Nuestra fe dependerá de nuestra actitud ante el crucificado. Para que exista crucificado se necesita de una Cruz y de Cristo. Hace unos años leí un enfoque sobre la vida cristiana especialmente lúcido y cuestionante. Era de Monseñor Fulton Sheen, arzobispo americano del siglo pasado, que con su predicación «tocó la vida de millones en el mundo con su calidez, sabiduría y humor. Un maestro de la comunicación que tenía un gran don de predicar y enseñar el Evangelio de una manera fácil de entender» ((Tomado de https://www.fultonsheen.com)).

Con su impactante simplicidad decía que unos viven un Cristo sin cruz y otros viven una cruz sin Cristo.
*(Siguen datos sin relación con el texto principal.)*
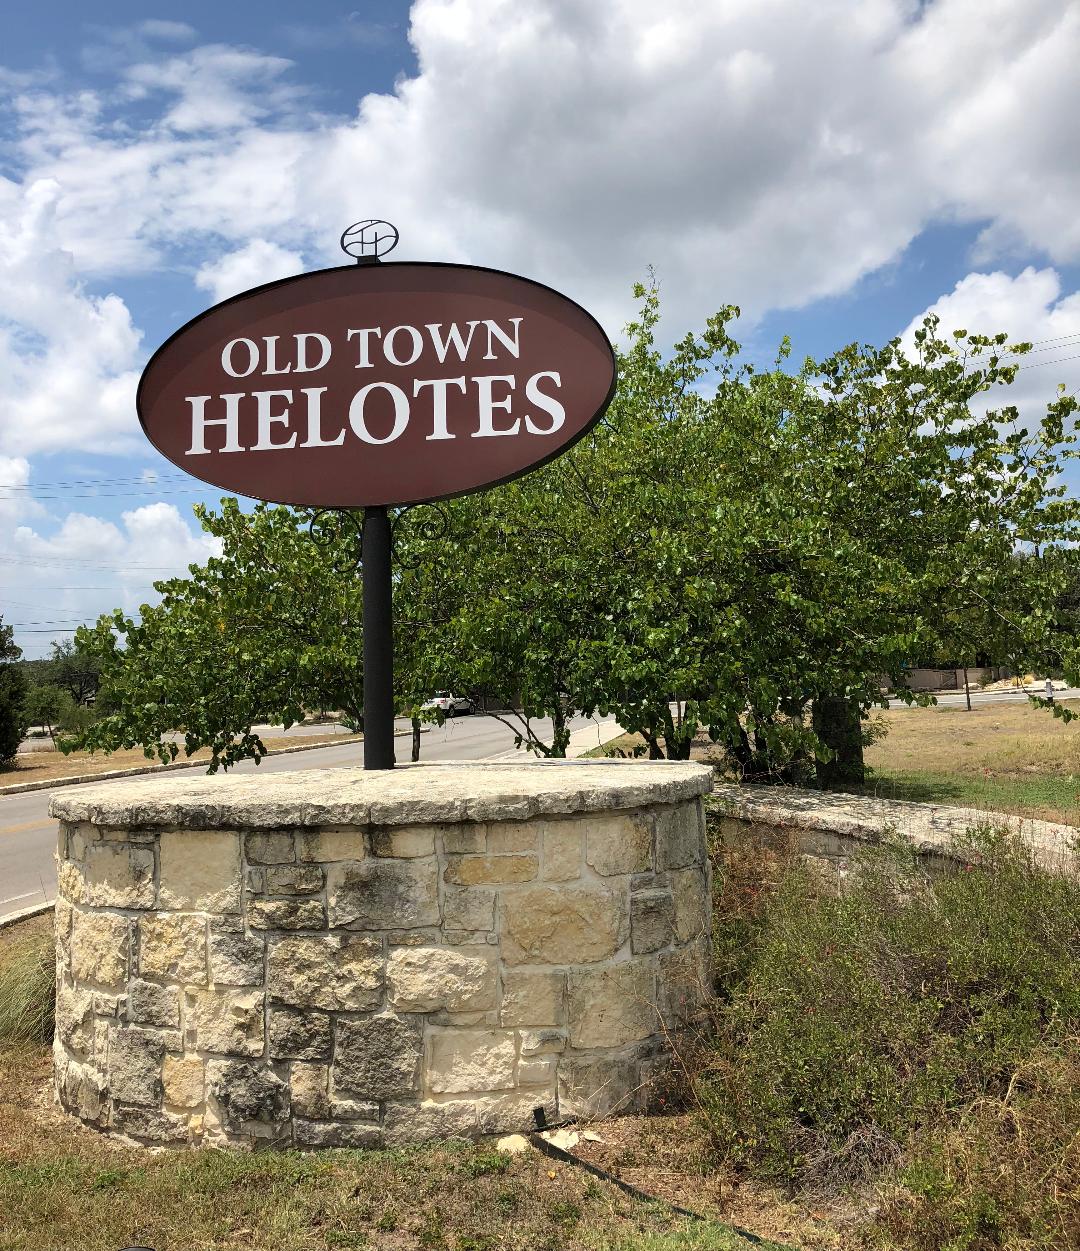 Enjoy a Local Day Trip to Old Town Helotes
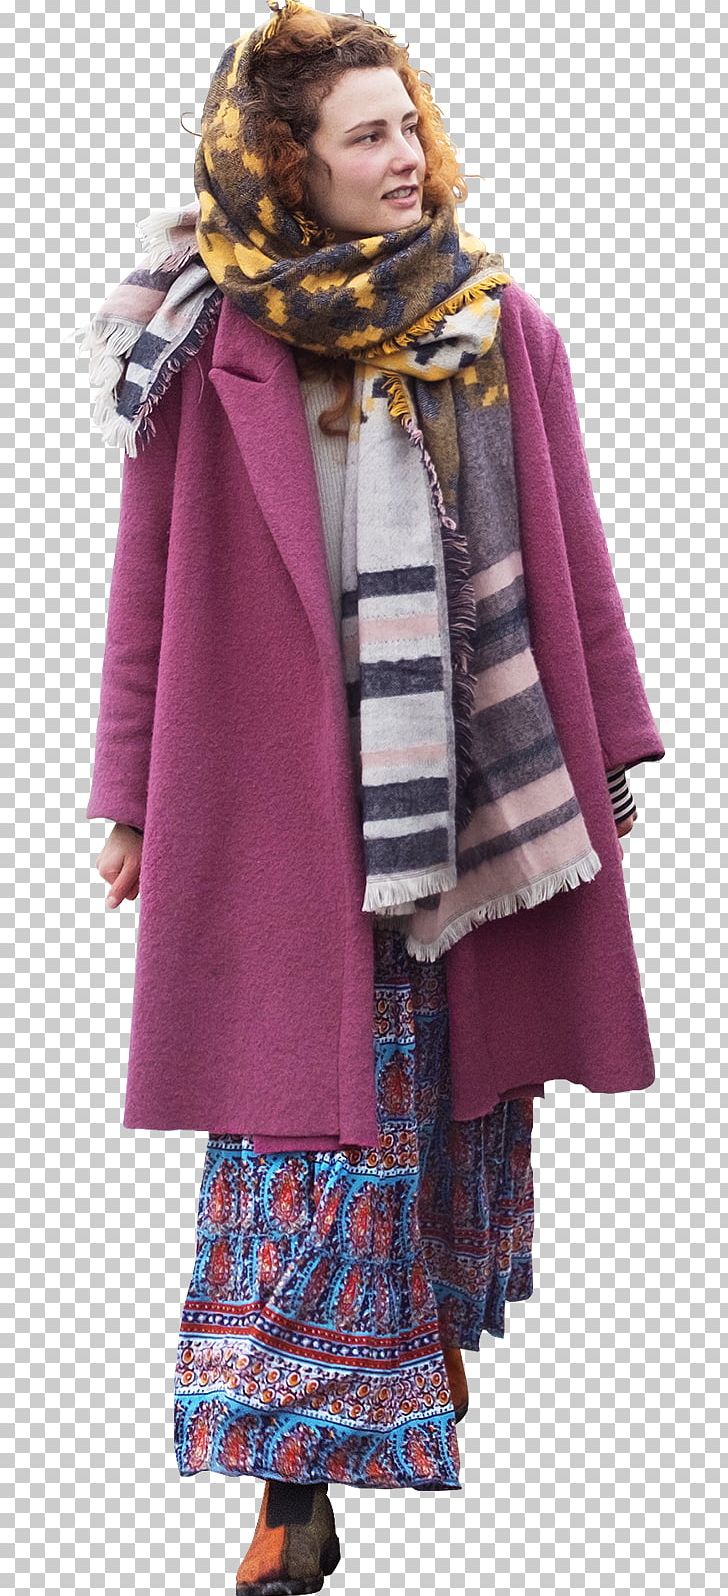 Scarf Clothing Outerwear Coat PNG, Clipart, Botanical Garden, Clothing, Coat, Commuting, Costume Free PNG Download

Detrás de este juego de palabras se desvelan unas actitudes en las que sería bueno examinarnos, para poder acoger con autenticidad al Señor Jesús clavado en una cruz, signo de reconciliación para el corazón del mundo.

biblical-jesus-on-the-cross¿Quiénes viven un Cristo sin cruz? Son aquellos que pretenden tener una vida cristiana sin la cuota de cruz que ello demanda. Rechazan las cruces del camino porque están más apegados a la dosis diaria de hedonismo, vanagloria o tentación de poder que ofrece el mundo. Se aspira a construir una vida cristiana a la propia medida y no ajustar la vida a las exigencias del Evangelio. Se han enamorado del Jesús del perdón y la misericordia pero se incomodan ante las páginas de la renuncia, el sacrificio y la cruz. Con Cristo la cruz es signo de reconciliación.

¿Quiénes viven una cruz sin Cristo? Es el dramático camino escogido por los que quieren quedarse sólo con dos maderos inertes, dos estacas que no tienen ningún valor en sí mismas, que no son capaces de decirle nada al ser humano. Sin Cristo la cruz es un signo de tortura y se desvanece la reconciliación. Ven en la cruz solo lo que tiene de oprimente y penoso. Aquellos que pueden pensar que no hay esperanza ni salvación, que el dolor no tiene ningún sentido y que el sufrimiento es una condena sin salida.

[pullquote]El núcleo de la enseñanza se orienta a entender la perspectiva del crucificado desde una visión de síntesis en donde Cristo muere en una cruz y allí se consuma la gesta de reconciliación con el poder para sanar todas las heridas del corazón humano.[/pullquote]

Demos un paso adelante en esta Semana Santa y acojamos en el interior de nuestro espíritu la locura de un Dios que se hizo hombre y murió por nosotros crucificado.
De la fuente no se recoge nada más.